Conhecido por defender a perspectiva histórico-crítica, o Prof. Dermeval Saviani ressignifica a concepção de formação humana fundamentando-se em aspectos filosóficos coerentes com as necessidades concretas de seu tempo. Oferece-nos assim, pressupostos para um entendimento mais amplo das necessidades que satisfazem o currículo fazendo com que a escola não perca de vista o caráter transitório e contraditório da realidade.
Professor Emérito da UNICAMP, Pesquisador Emérito do CNPq e Coordenador Geral do Grupo de Estudos e Pesquisas "História, Sociedade e Educação no Brasil", atualmente, mesmo aposentado, continua atuando como Professor Titular Colaborador Pleno do Programa de Pós-Graduação em Educação da universidade citada. O autor, em sua vasta produção bibliográfica, reconhecida internacionalmente, domina com profundidade a história, a filosofia e a política educacional apresentando-se fiel à concepção materialista histórica e dialética, tomando o real como síntese de múltiplas determinações e preocupando-se com a prática educativa desenvolvida pelos educadores brasileiros procurando elevá-la do nível do senso comum à consciência filosófica.

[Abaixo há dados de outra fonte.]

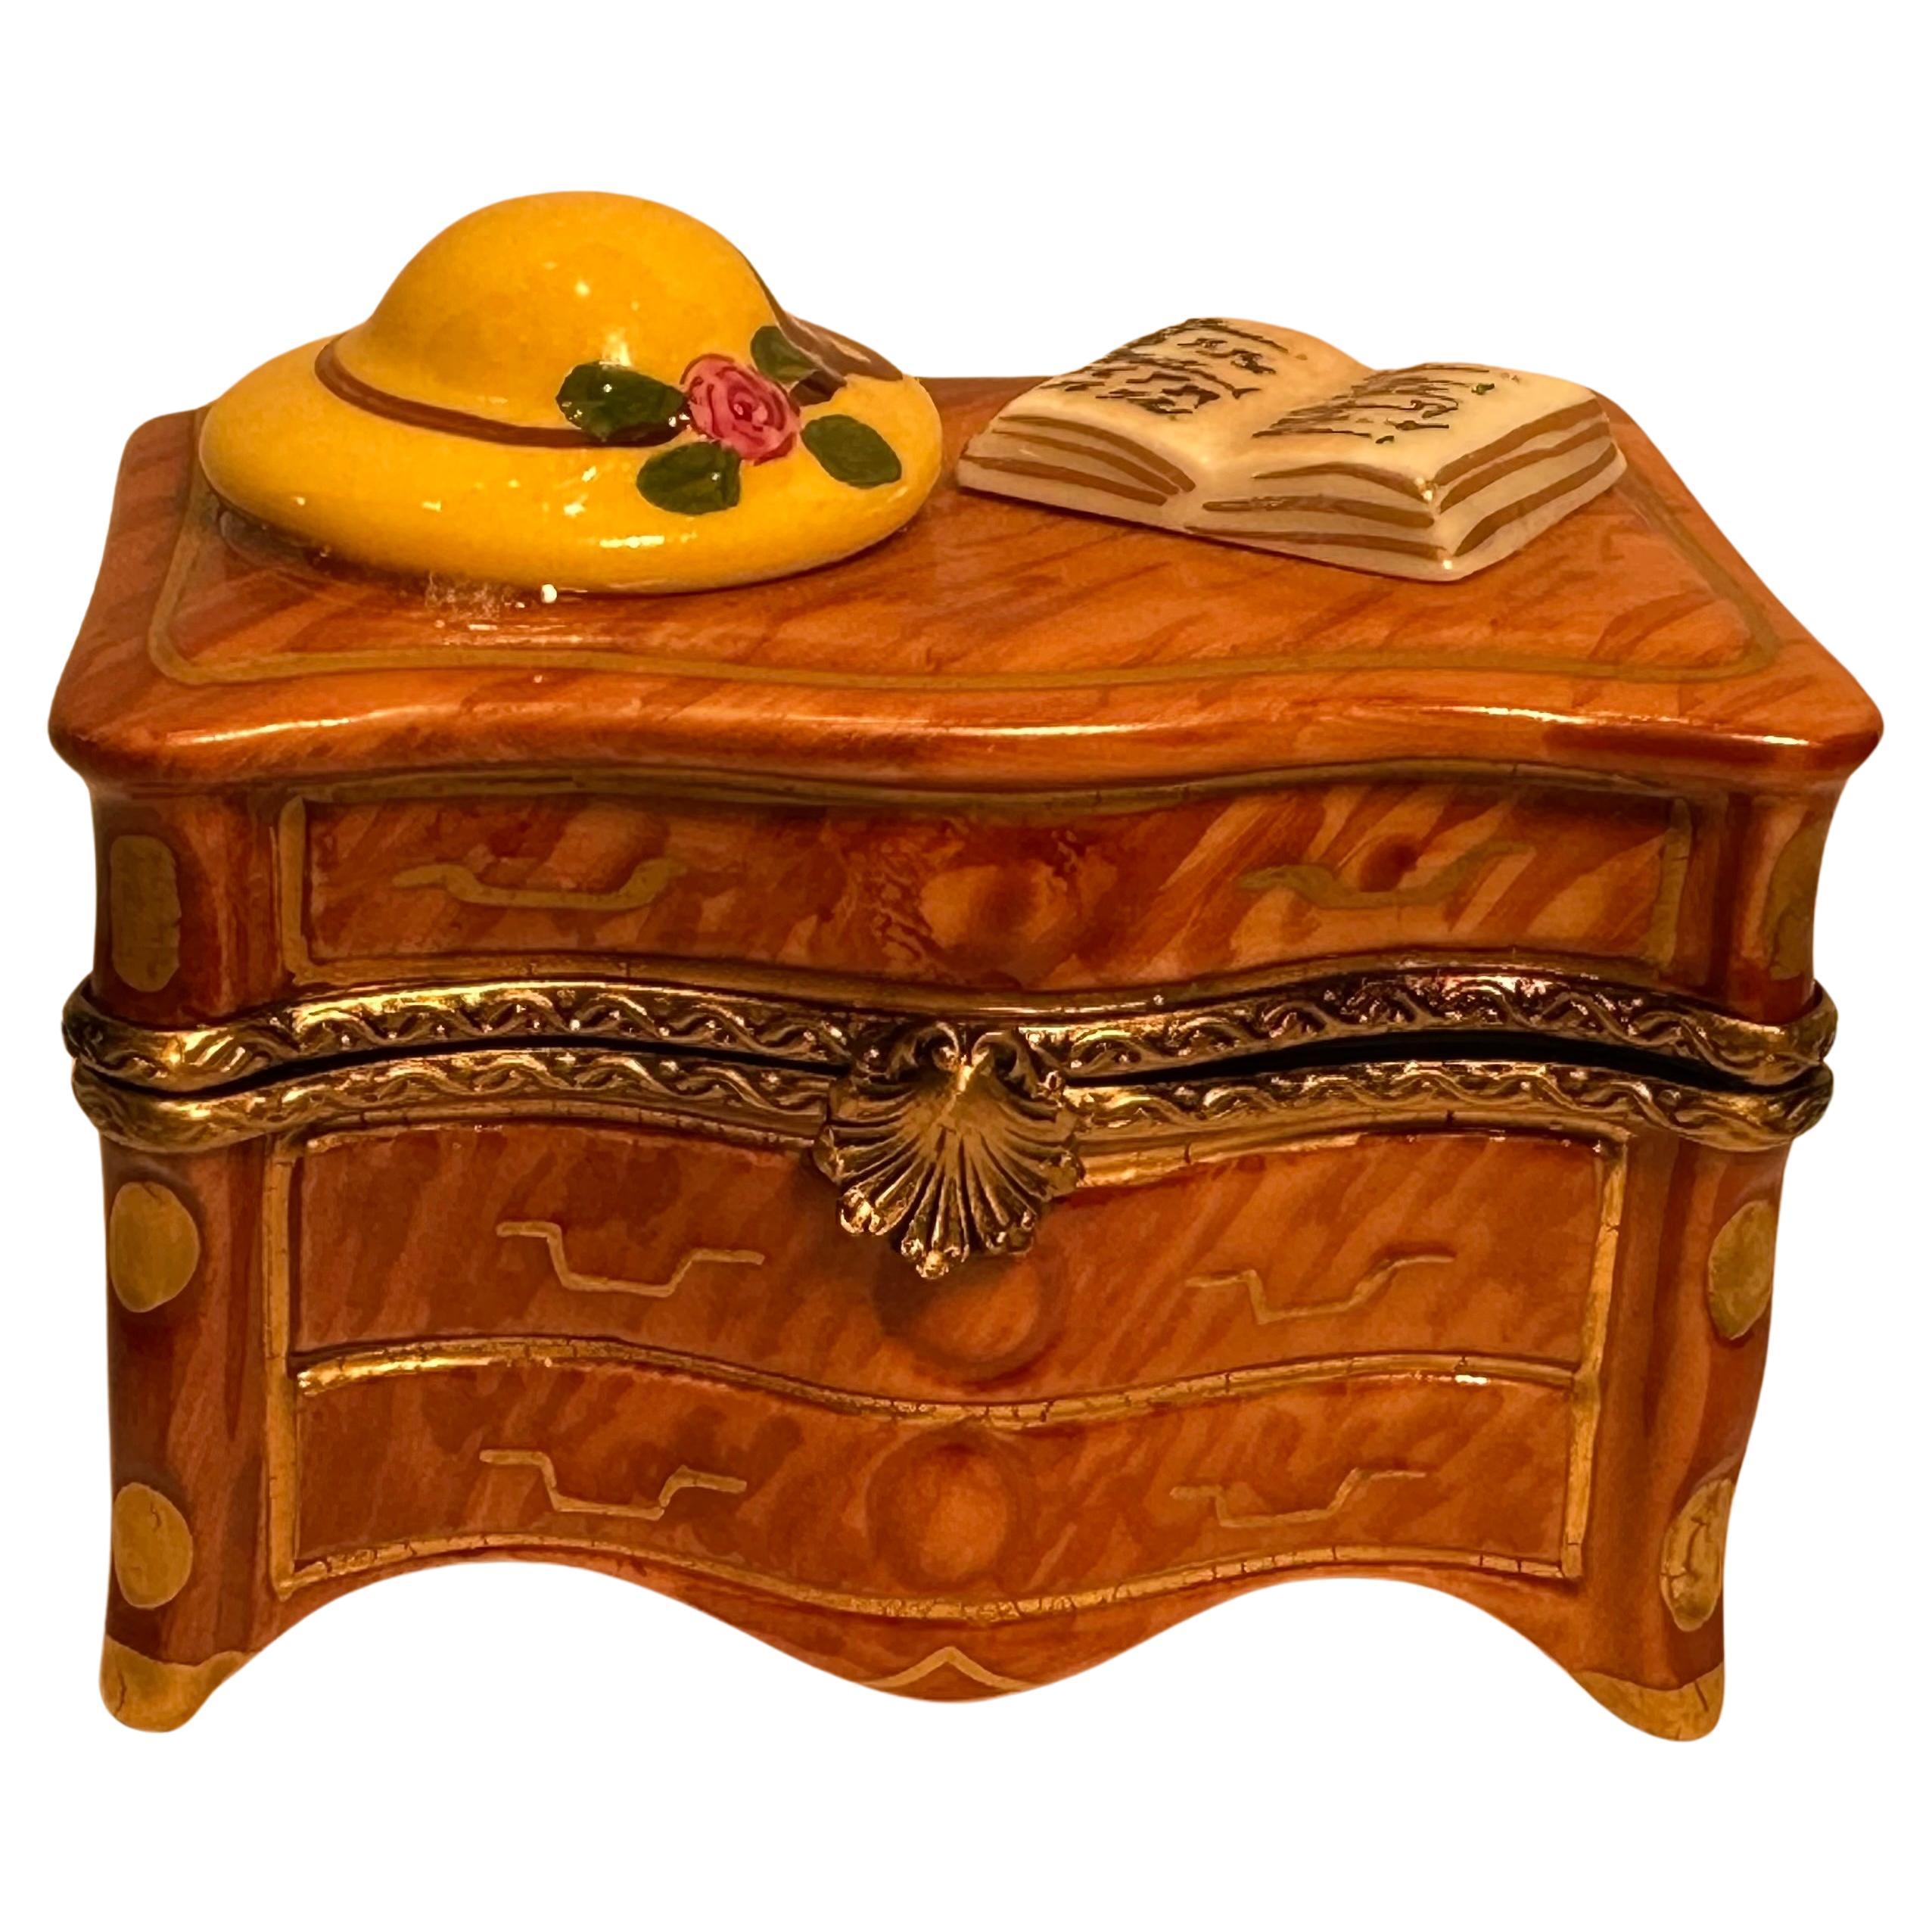 Limoges France Hand Painted Dresser With Hat & Music Book Porcelain Trinket Box

Entendendo, ao ler os escritos do Prof. Saviani, que a educação é uma atividade que supõe a heterogeneidade no ponto de partida (e a homogeneidade no ponto de chegada), as entrevistadoras sentiram-se curiosas sobre seu ponto de vista em relação à presença da Arte no currículo. Tal curiosidade foi excitada quando, ao lermos um texto para aprofundamento teórico encontramos uma referência na qual o Prof. Saviani é citado como contrário à existência do componente “arte” no currículo escolar, dentro do contexto de elaboração da Lei de Diretrizes e Bases em 1996. Incrédulas com tal posicionamento, pois desenvolvem pesquisas sobre a relação entre o currículo de Arte e a formação humana integral utilizando a concepção histórico-crítica como referência, decidiram por entrar em contato via endereço eletrônico com o prof. Saviani para esclarecer o que parecia de imediato, um equívoco.

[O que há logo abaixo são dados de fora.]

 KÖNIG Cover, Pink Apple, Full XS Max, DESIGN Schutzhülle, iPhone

Prof. Saviani prontamente respondeu o e-mail das pesquisadoras e mais do que isso, concordou, gentilmente, em participar desta entrevista que passa a ter como objetivo colaborar com a comunidade acadêmica, não só para o esclarecimento da curiosidade, mas também para acrescentar seu posicionamento sobre a relevância da Arte no currículo para a formação humana integral. Certas da contribuição do Professor Saviani para as discussões sobre o tema, apresentam-se as questões que nortearam a entrevista, com as respectivas respostas por ele fornecidas via e-mail.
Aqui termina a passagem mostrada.